“Hong Kong’s Last Battle”
Protesters in Hong Kong are still clogging the streets en masse. Their task: to face down not just the authoritarianism of the Chinese Communist Party but the self-dealing of Hong Kong capitalists.

Protesters demonstrate outside the Hong Kong Police Headquarters on June 21, 2019 in Hong Kong, China. (Anthony Kwan / Getty Images)
Less than five years after the Umbrella Movement, Hong Kong is back in international headlines. On June 9, over a million protesters dressed in white took to the streets to oppose a bill that would allow extraditions to China. The following Sunday, an estimated two million people — nearly 30 percent of the population — took to the streets again, this time clad in black.

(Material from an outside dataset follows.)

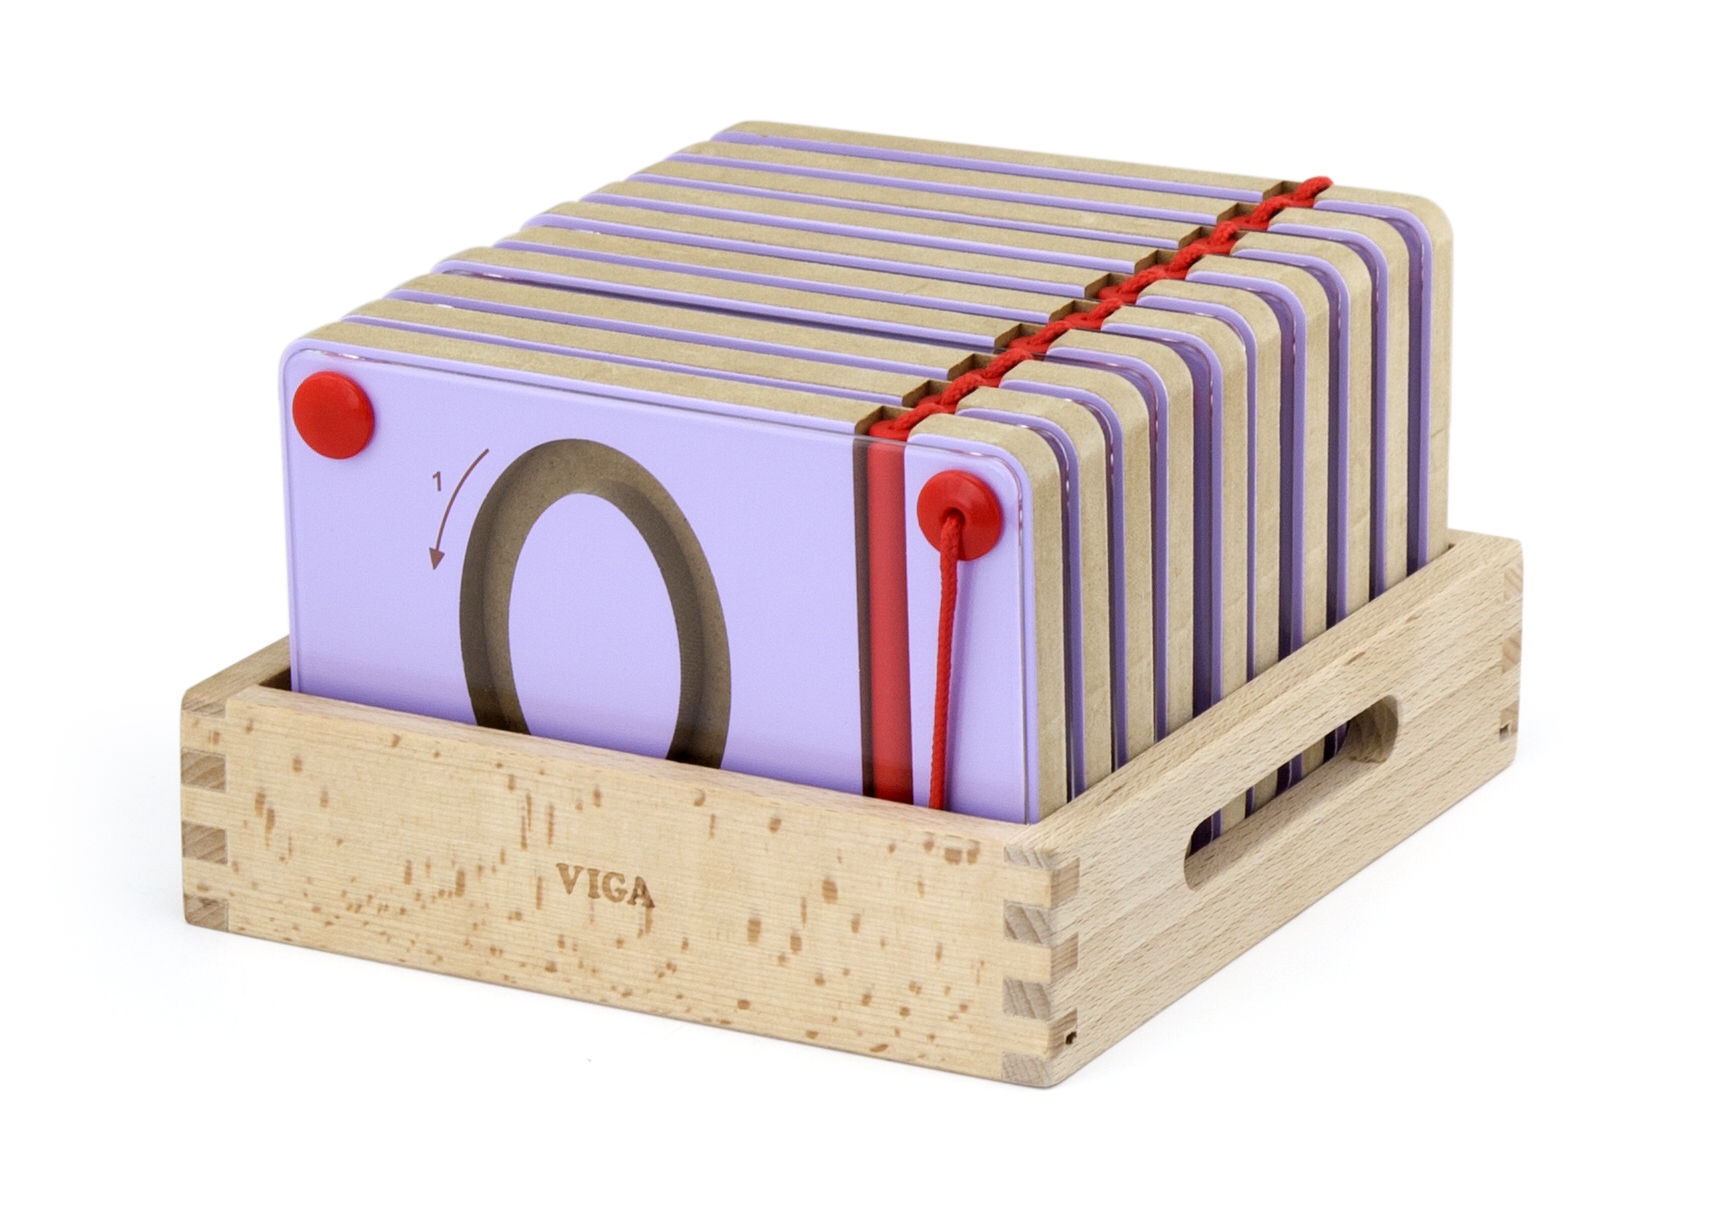 Tabliczki magnetyczne nauka pisania cyferki Viga Toys Montessori, zabawka dla dzieci

Hong Kong’s pro-Beijing chief executive, Carrie Lam, claims that the extradition measure is needed to bring to justice a Hong Kong man wanted for murdering his girlfriend in Taiwan. But the bill has sparked immense opposition, with critics insisting the Chinese Communist Party (CCP) would use it to extradite activists or dissenting journalists to the Mainland. In other words, it would open the floodgates between the legal system of the Mainland and Hong Kong, and enable the CCP-sponsored kidnapping of Hong Kong citizens.

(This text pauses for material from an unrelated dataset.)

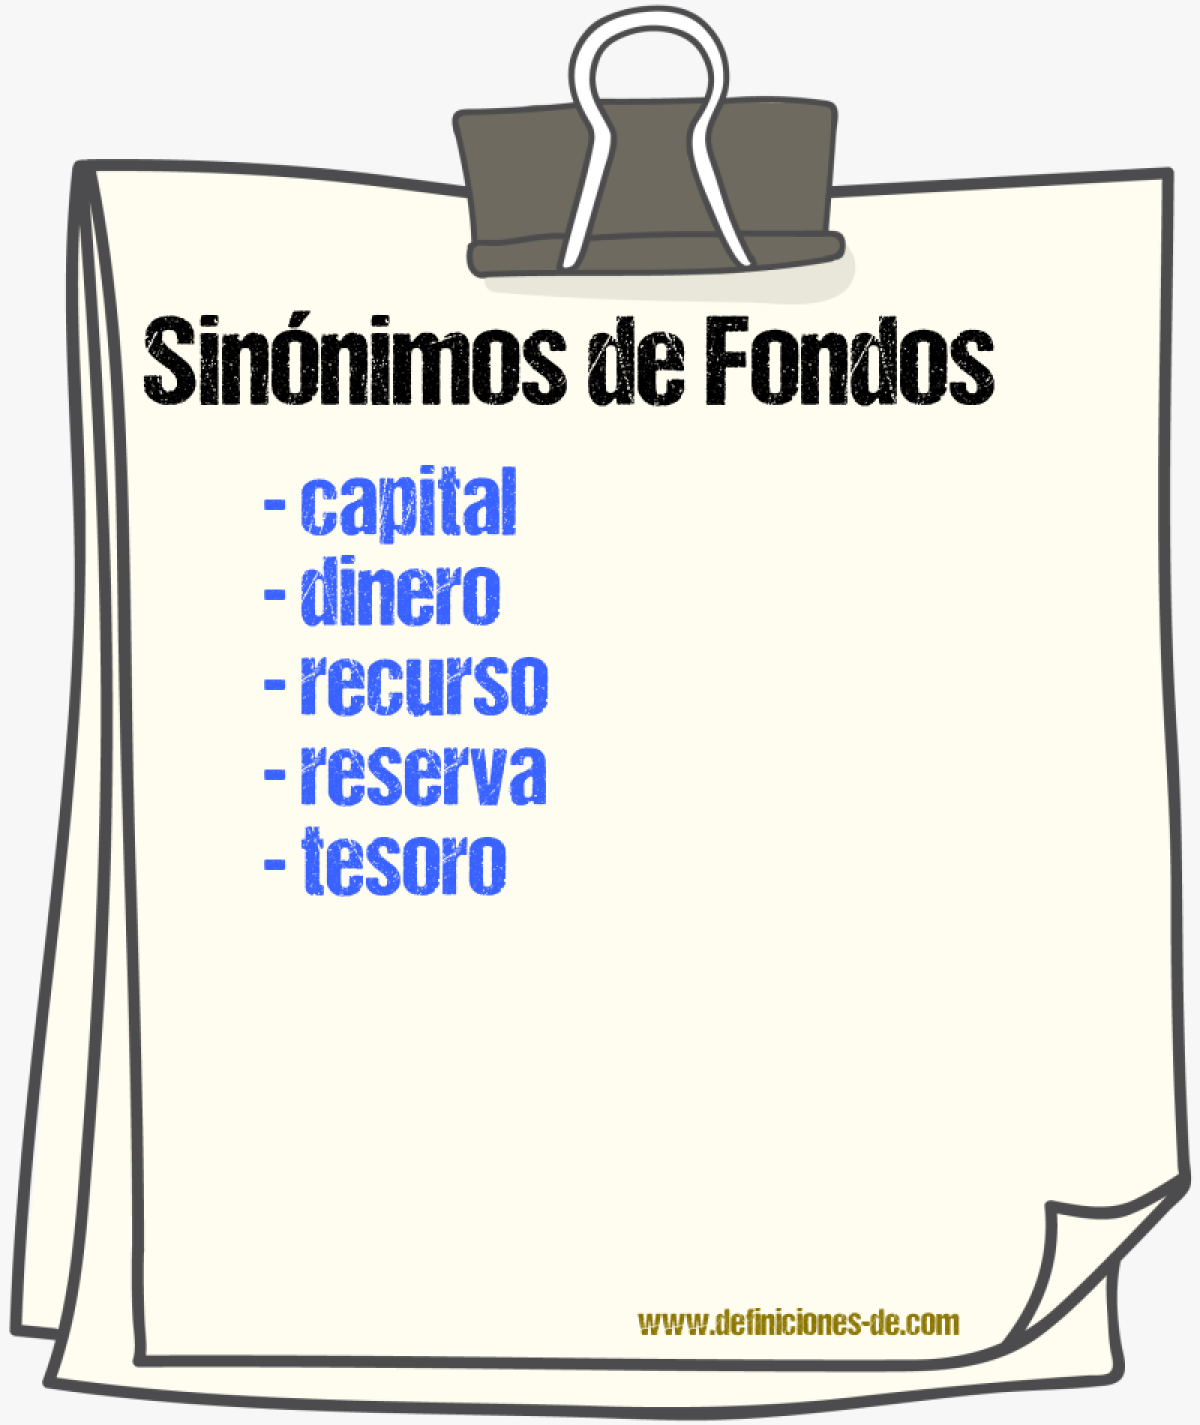 Sinónimos de fondos

Police have responded to the demonstrations with force. When protesters initiated a peaceful sit-in on June 12, the original date for the second reading of the bill, police used rubber bullets, bean bag bullets, batons, pepper spray, and tear gas to disperse demonstrators. Footage of protesters shot in the head with rubber bullets and journalists beaten up by the police have leaked on the internet. To justify their crackdown, the Hong Kong government have claimed that the victims were unlawful rioters.